***** Data block *****

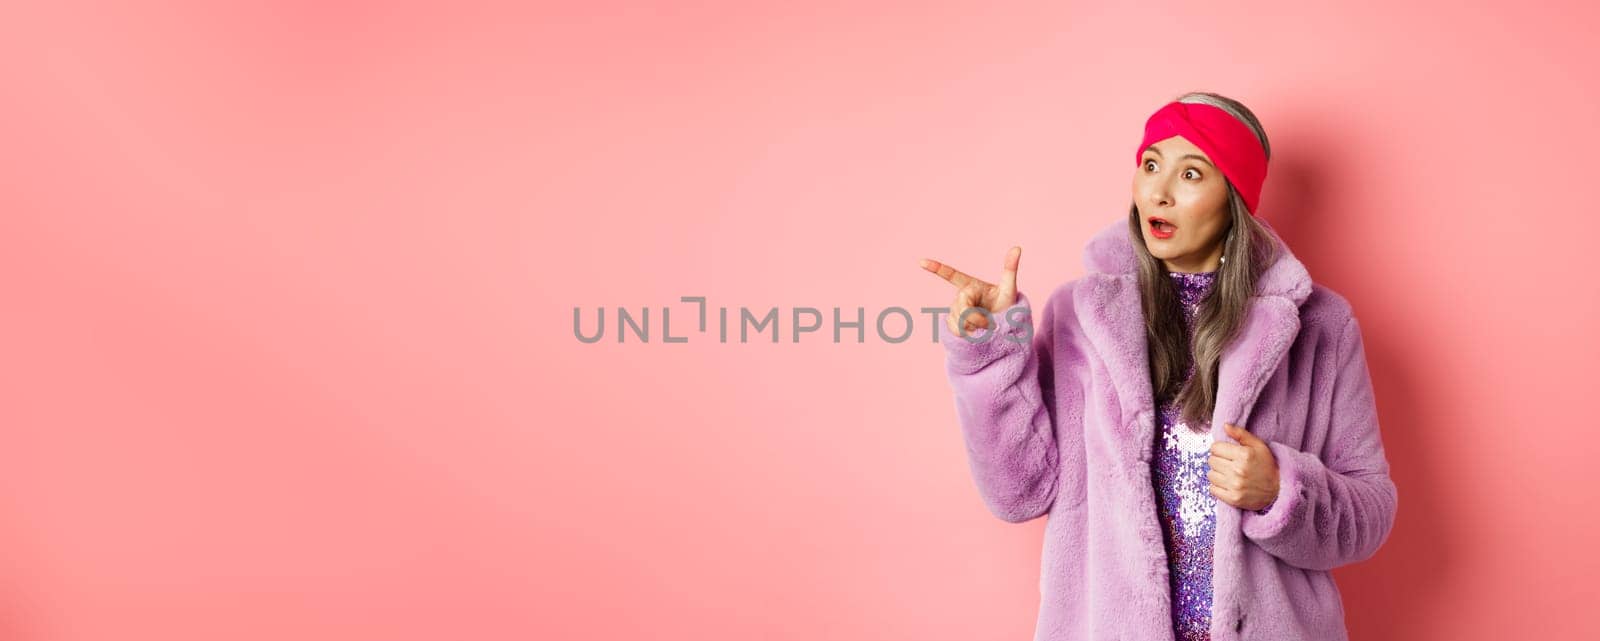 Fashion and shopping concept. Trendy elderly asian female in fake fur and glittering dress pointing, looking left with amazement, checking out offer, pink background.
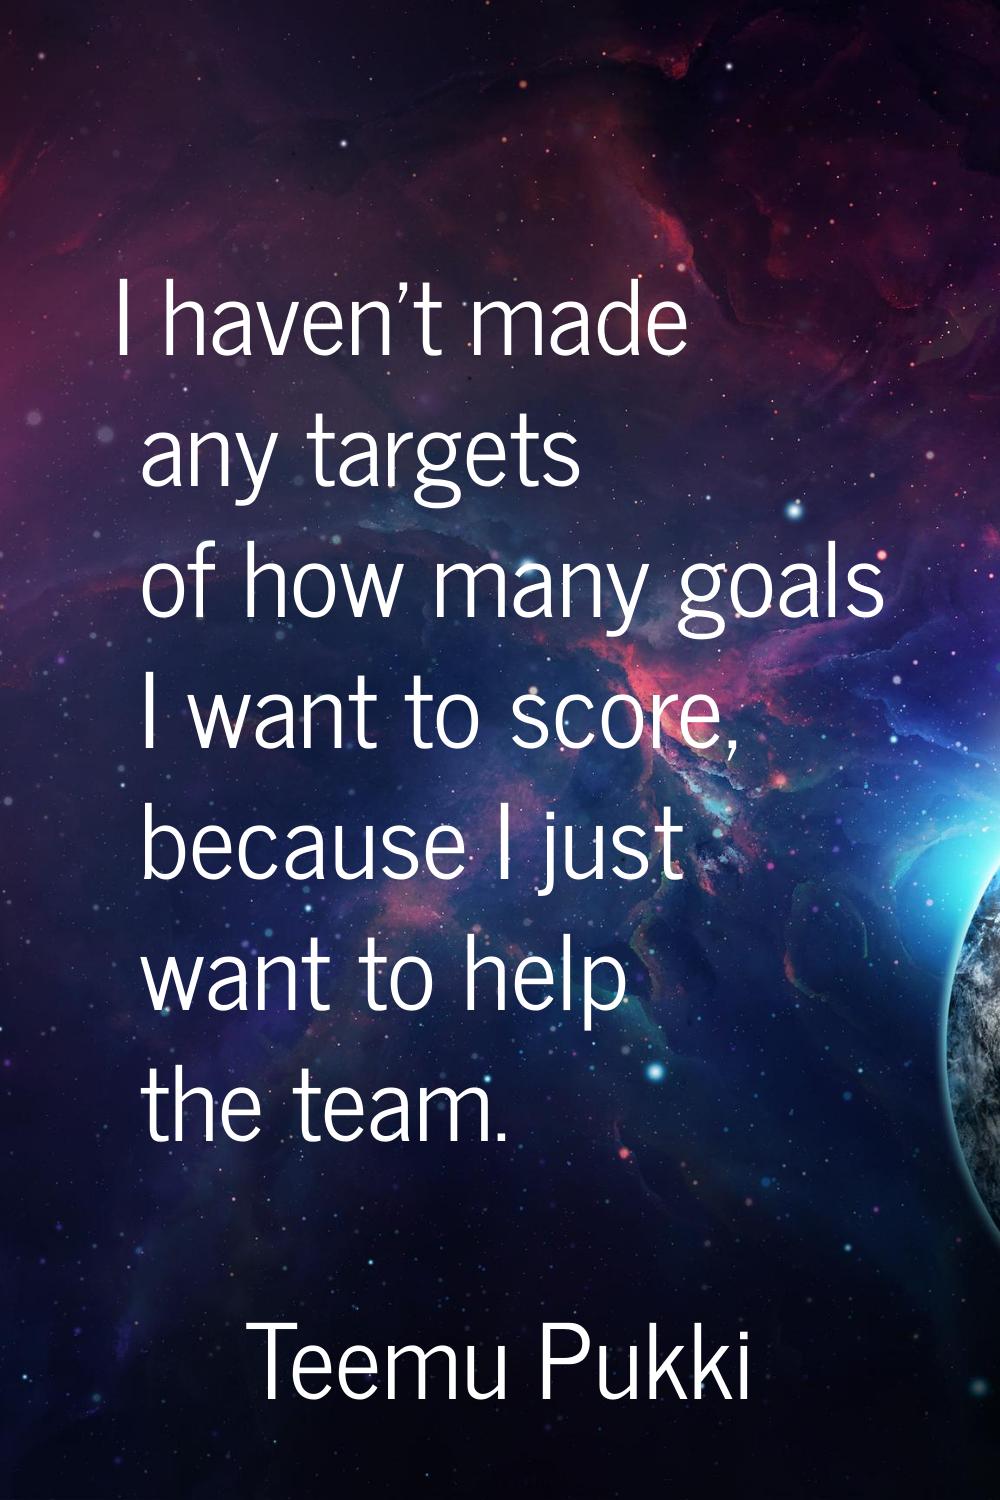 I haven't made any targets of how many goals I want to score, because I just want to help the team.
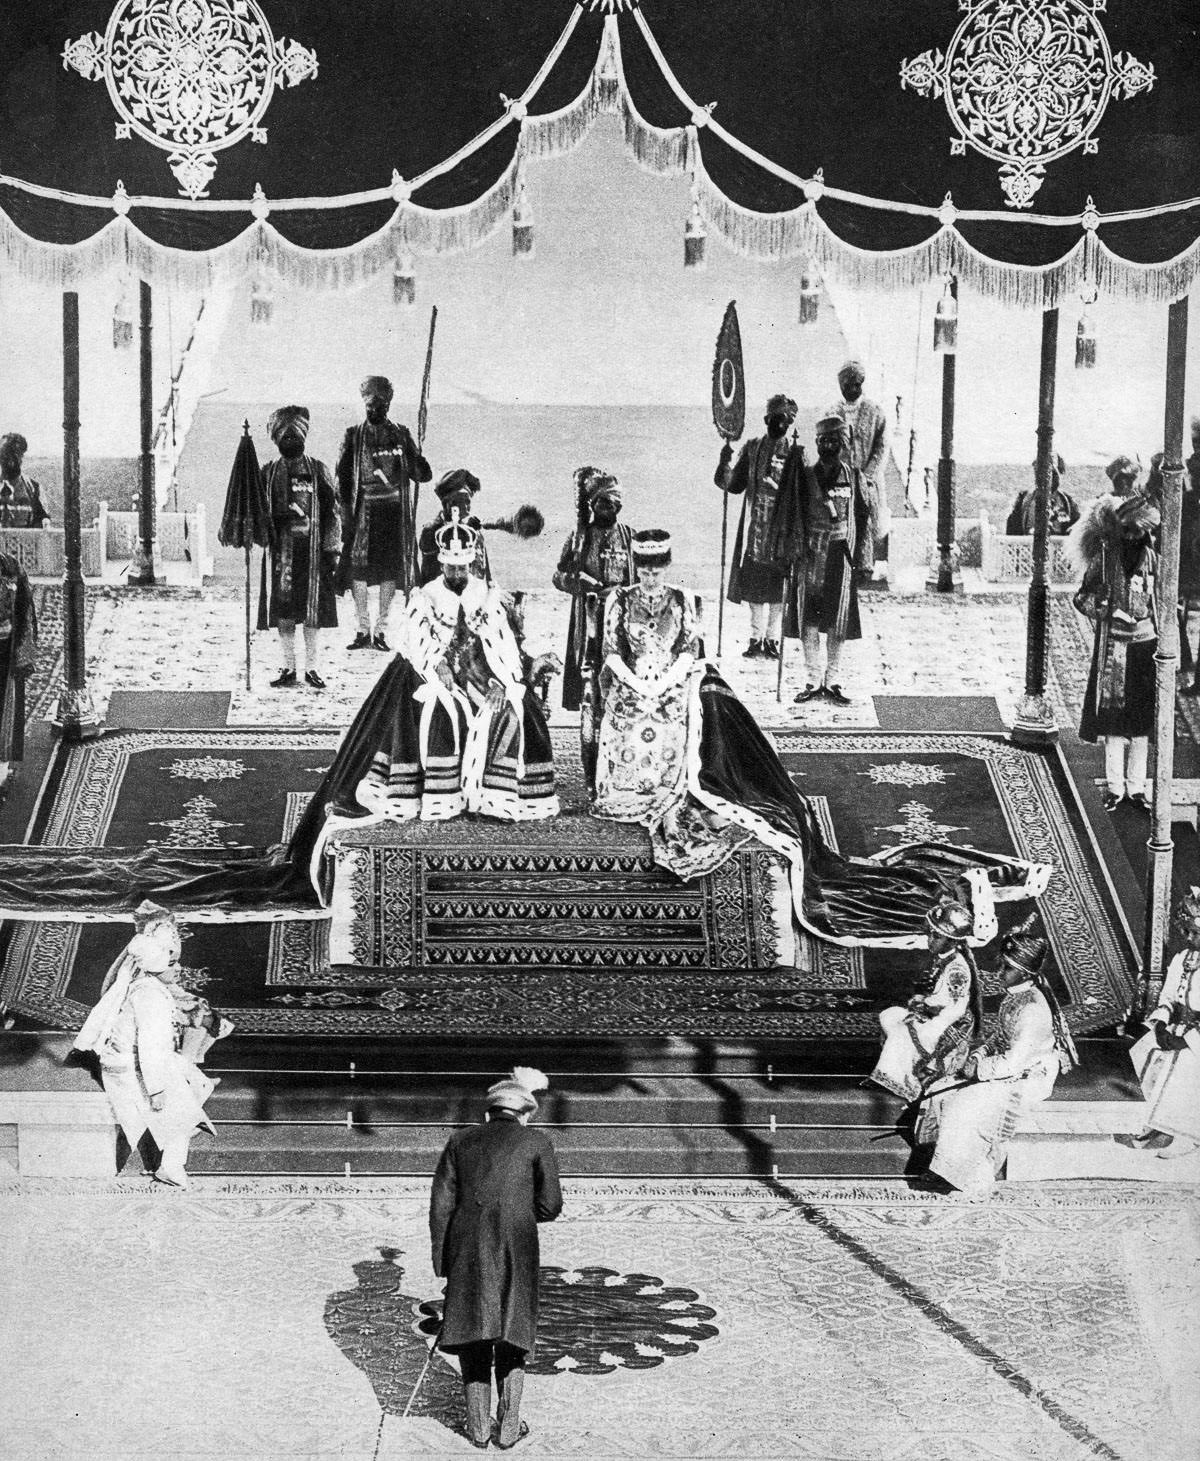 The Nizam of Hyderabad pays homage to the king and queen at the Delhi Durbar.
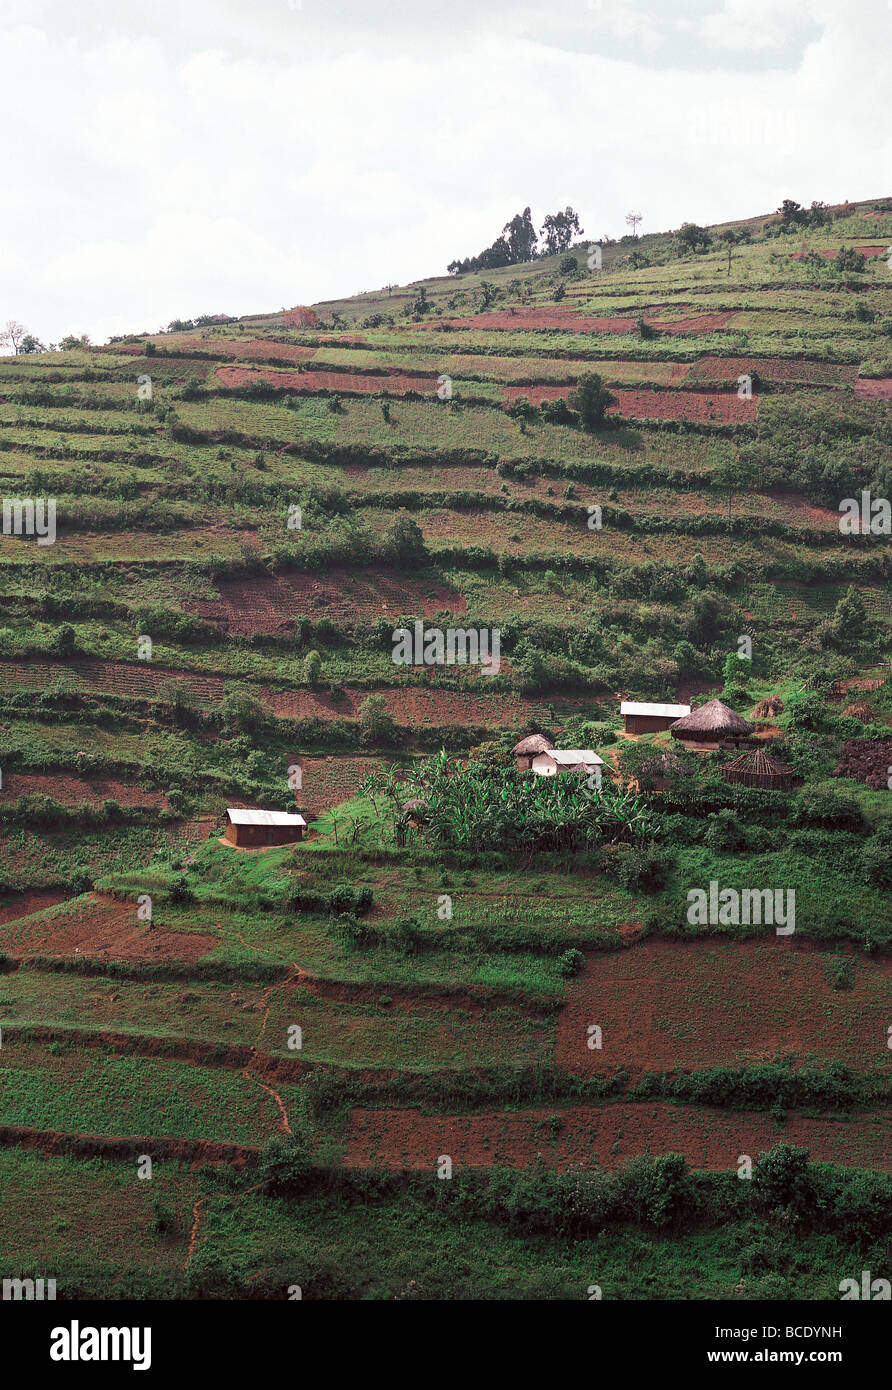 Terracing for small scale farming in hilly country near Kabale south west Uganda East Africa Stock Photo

*****

_The problem_:
Return all the data exactly, and keep the pictures out.

_Task output_:
 Fashion and shopping concept. Trendy elderly asian female in fake fur and glittering dress pointing, looking left with amazement, checking out offer, pink background.
 I haven't made any targets of how many goals I want to score, because I just want to help the team.
 The Nizam of Hyderabad pays homage to the king and queen at the Delhi Durbar.
 Terracing for small scale farming in hilly country near Kabale south west Uganda East Africa Stock Photo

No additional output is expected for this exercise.